Producer Tony Garnett, who worked with director Ken Loach on films including Kes and Cathy Come Home during a 13-year collaboration, has died at the age of 83.
The TV company Garnett founded, World Productions, announced he had died on Sunday “after a short illness”.
Loach said Garnett “believed in drama, in film and its power to communicate truth”. He added: “He understood the basic conflict at the heart of society, between those with power who exploit and those who are exploited.
“He was a brilliant, complex man, intensely loyal and generous-spirited.”
Line of Duty creator Jed Mercurio said Garnett was “an inspirational figure who’ll be greatly missed”.
Born in Birmingham in 1936, the producer began his career on screen in 1960s TV shows including Emergency Ward 10 and Z Cars. His subsequent work with Loach, including Barnsley-based classic Kes, was characterised by hard-hitting social realism.
Through World Productions, the company he founded in 1990, Garnett executive produced TV series including Between the Lines, Ballykissangel and This Life.

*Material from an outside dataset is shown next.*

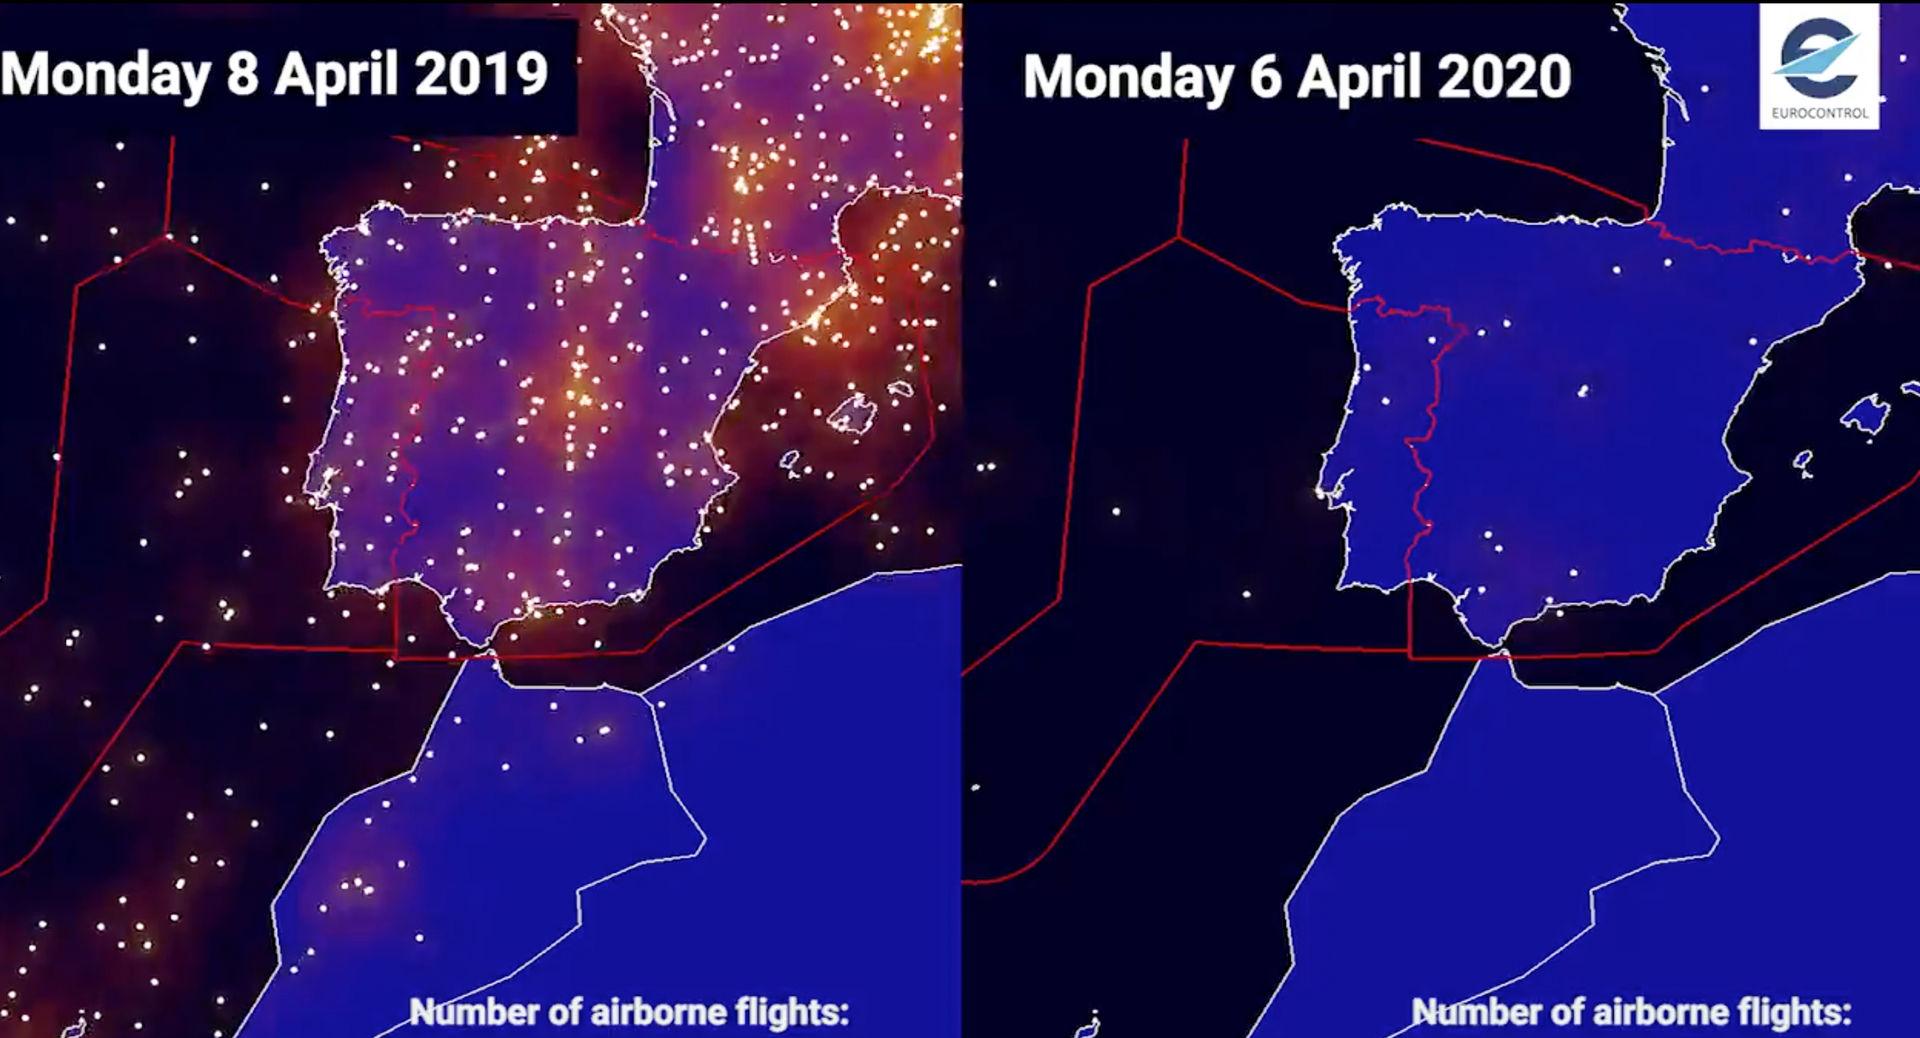 España Sin Aviones Los Gráficos Que Muestran La Reducción Del Tráfico Aéreo Por El Coronavirus Libre Mercado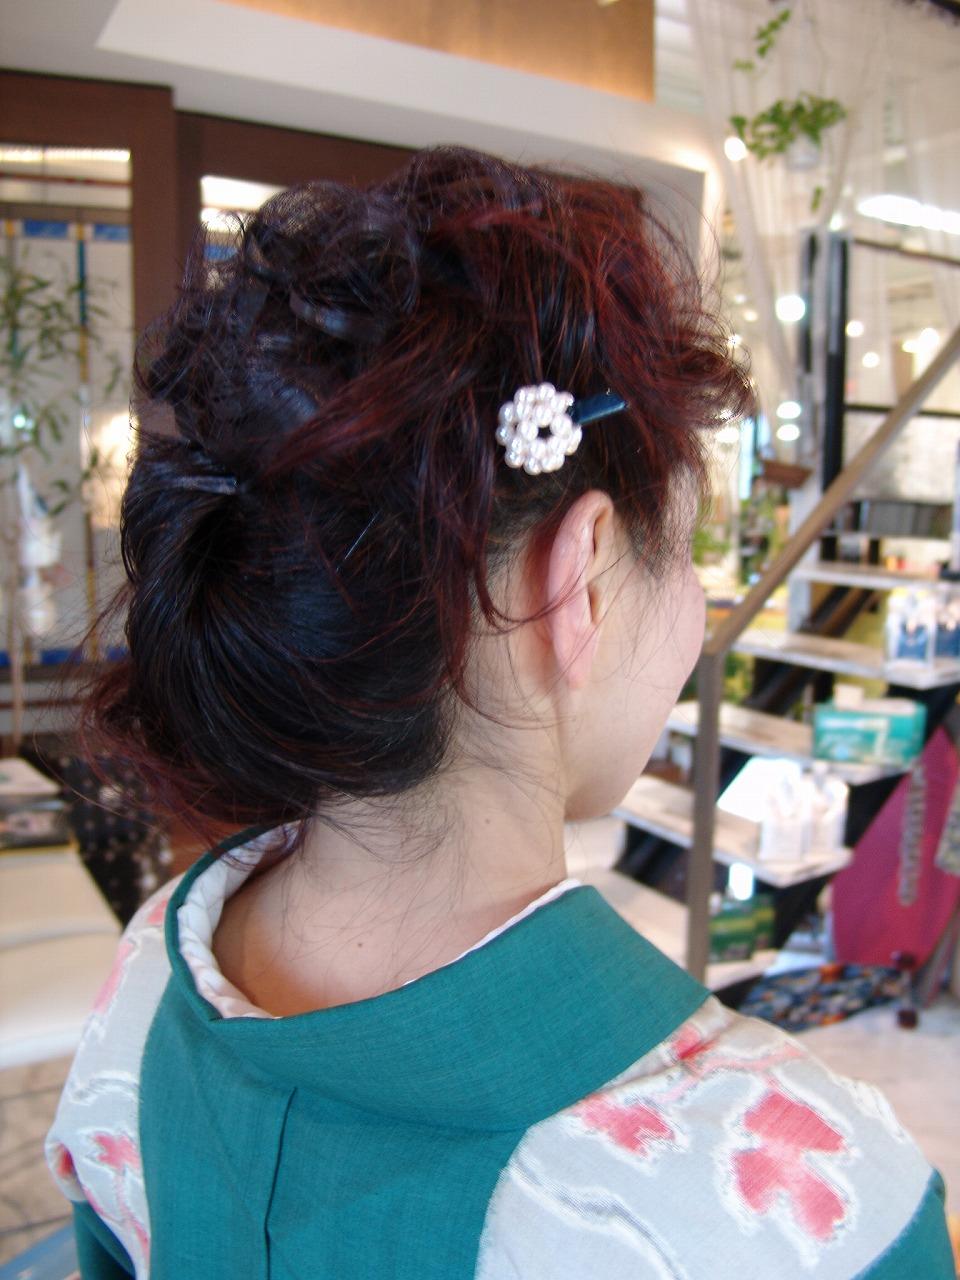 レディース 成人式 着物 和風アップ まとめ髪 パーマ カラー2

The latter show came about when BBC Two Controller Michael Jackson said he wanted a drama “about young people who are just starting their first jobs”.
“He said, ‘Could they be lawyers?'” Garnett recalled. “I said, ‘They can be anything you like Michael.'”
The show, about a group of young lawyers sharing a house in London, ran for two series and gave early breaks to rising stars like Jack Davenport and Andrew Lincoln.
Garnett enjoyed much of his success at the BBC but could be highly critical of the Corporation.
“I have criticised the BBC in the past because I think it’s very important for all of us,” he said in 2014. “I’m a defender of the BBC but at the same time a loyal defender of the opposition.”
An email he sent to industry co-workers in 2009 attacked “the executive apparatchiki” at the BBC, who “feed off” the creativity of others “because they have none”.